One of the key differences between our approaches is that James directly modeled CERA, considering only runs and innings played,

whereas my research used the weighted outcome of plate appearances to measure the differences between catchers. The former has

the advantage of directly measuring the desired result (run prevention); the latter has a greater sample size to work from

because it relies on plate appearances, but works on the events leading to run prevention (hits, walks, and outs), rather than

run prevention itself.

I’ve constructed a computer model that simulates pitcher/catcher interactions, similar in concept to James’s model, but designed

to measure catcher performance with the method I outlined in my original article (pitching runs per plate appearance, or PR/PA).

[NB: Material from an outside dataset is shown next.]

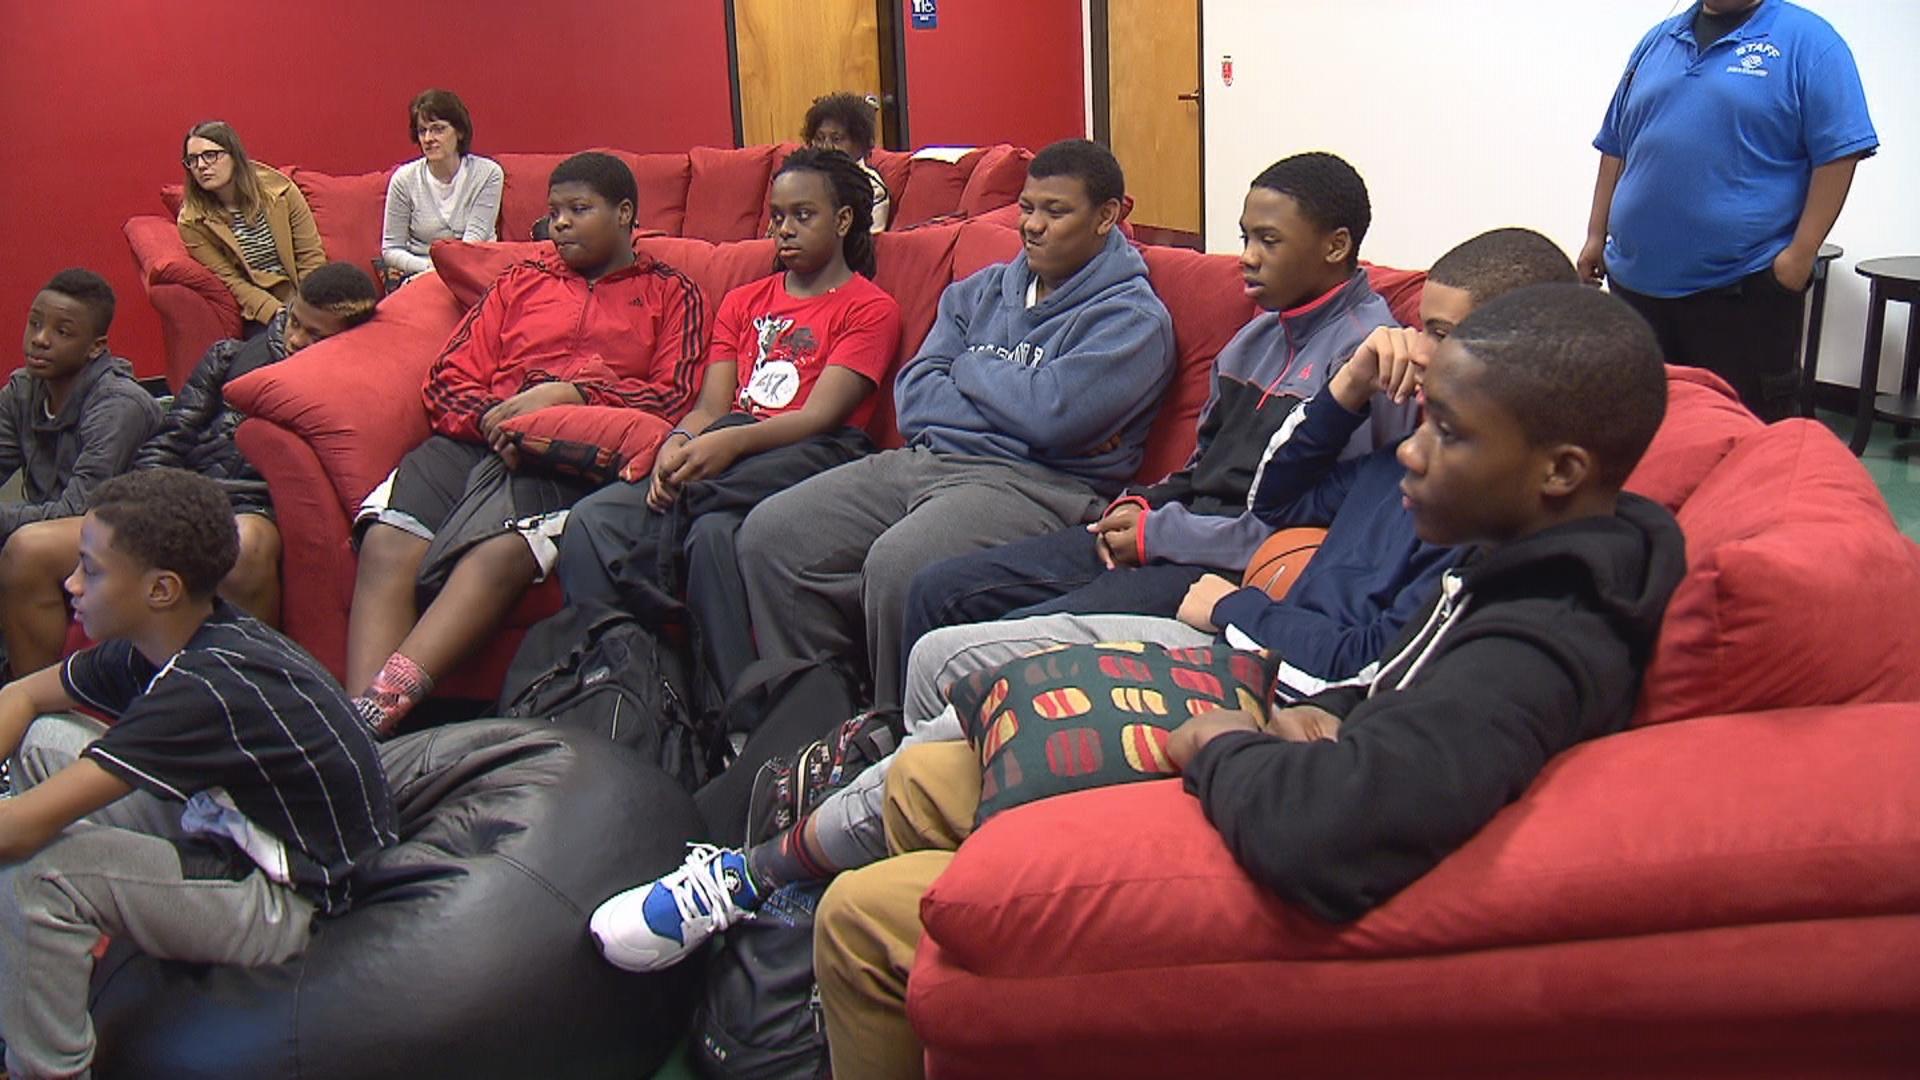 Kids at Portland Boys and Girls Club discuss social media. (KOIN 6 News)
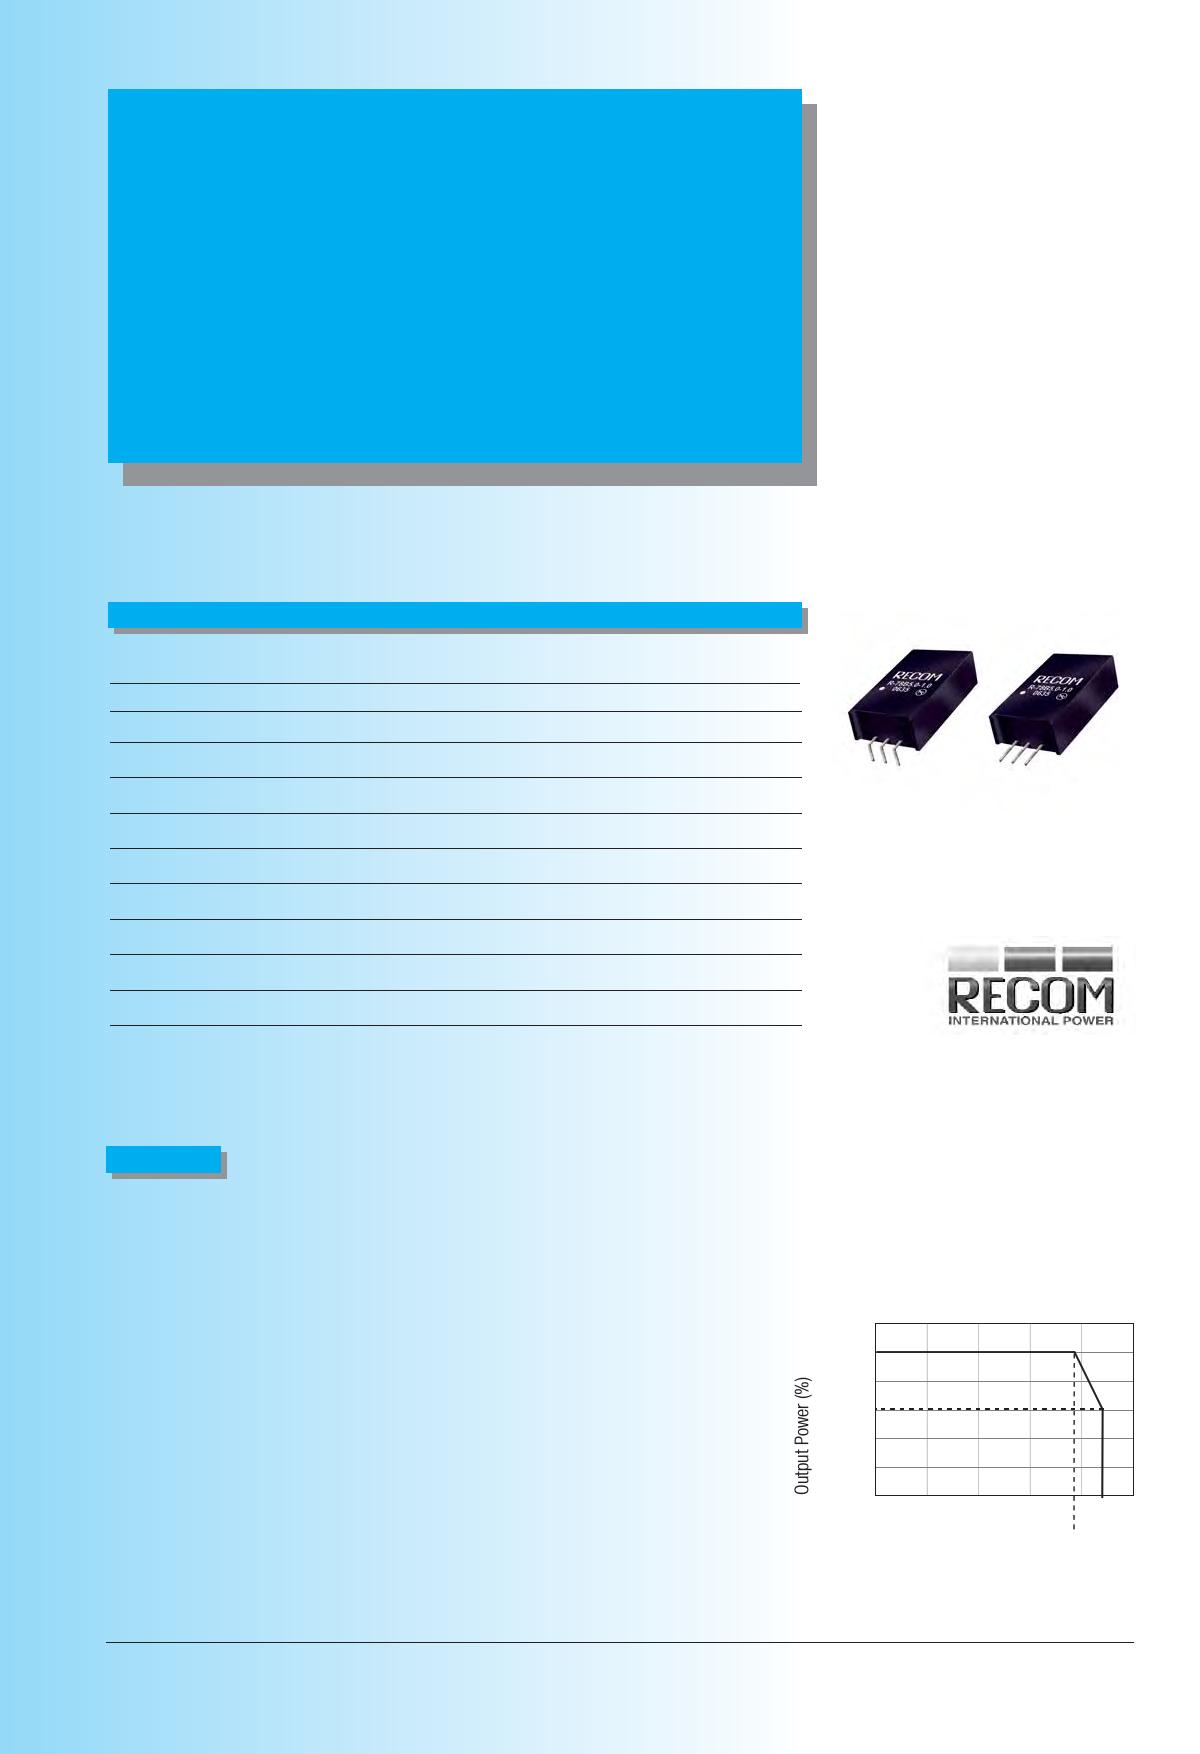 R-78Bxx-1.0L datasheet

This is consistent with my goal of isolating "game-calling" or "pitcher handling"–the catcher’s impact on

the pitcher’s ability to prevent hits and walks–rather than his effect on the running game.

Within the simulation, I took the actual stats from every pitcher in 2001 who pitched at least 50 innings. For each pitcher, I

computed the likelihood of each batting event (single, double, triple, home run, walk, out) per plate appearance. Weighting each

probability by the Linear Weights coefficient for each event and summing yields the pitchers base PR/PA.

I then generated two catchers with their own game-calling ability, manifested as raising or lowering a pitcher’s ERA, which I’ll

call his CERA factor. The difference between the two catchers’ CERA factor was a parameter chosen to create a marginal impact on

the pitcher’s PR/PA. That is, a CERA difference of 0.25 (where a pitcher has an ERA of 4.50 with catcher A, and 4.25 with

catcher B) would be converted into an equivalent difference in PR/PA. I then scaled the combined pitcher/catcher PA outcome

probabilities to include the catcher’s effect.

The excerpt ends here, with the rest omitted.